All his adult life he’s experienced the feeling when he sees a certain style of line drawings in young adult books. N. C. Wyeth and his imitators. Say, a sketch of a farmhouse under a tree. There’s the shapely abundant crown, with the two small rogue branches that poke out toward the bottom to keep it from looking too perfect; the house with its roof shaded in parallel lines, smoke undulating up from the stone chimney. There are the tufts here and there in the foreground representing the meadow-like turf, the one small squarish boulder half sunk in soil, flanked by a tall grass stalk, the fence of stripped saplings.
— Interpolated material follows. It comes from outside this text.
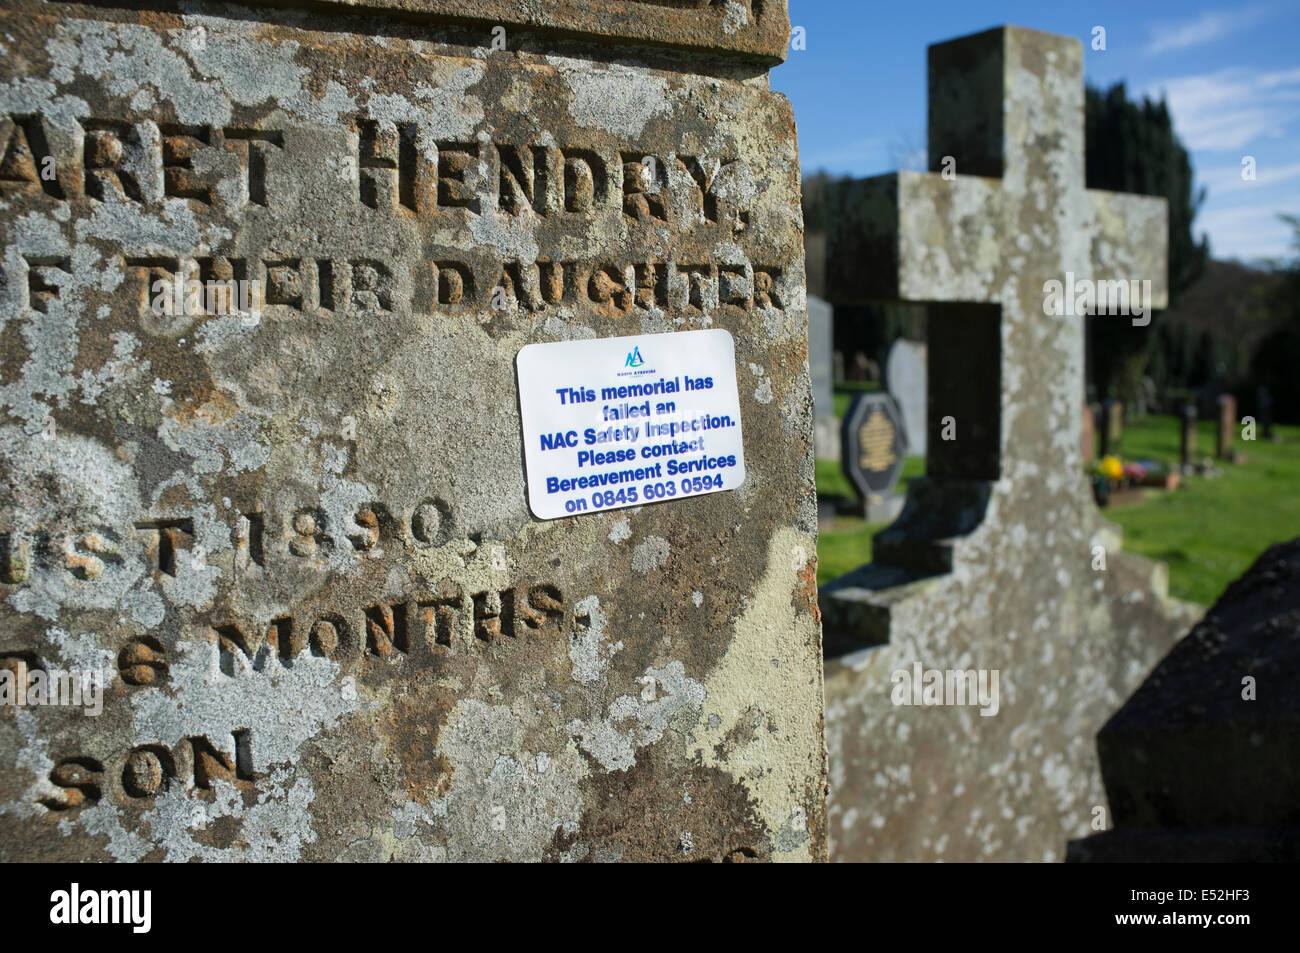 Inspección de seguridad Memorial aviso sobre las lápidas en un cementerio Foto de stock

Most stirring of all, there’s the trodden path that starts at the bottom of the picture and curves over the brow of the hill, dipping out of sight, reappearing smaller and farther away on a distant hill, and beyond that hill the mountains, and behind the mountains, towering cumulus clouds, suggesting that out there, far distant there, beyond those cloud-ramparts lies Aslan’s country, the Land of Faerie, Amber, Alpha Centauri—in other words, Heaven—and that the pebbly, homely footpath is the way to get there.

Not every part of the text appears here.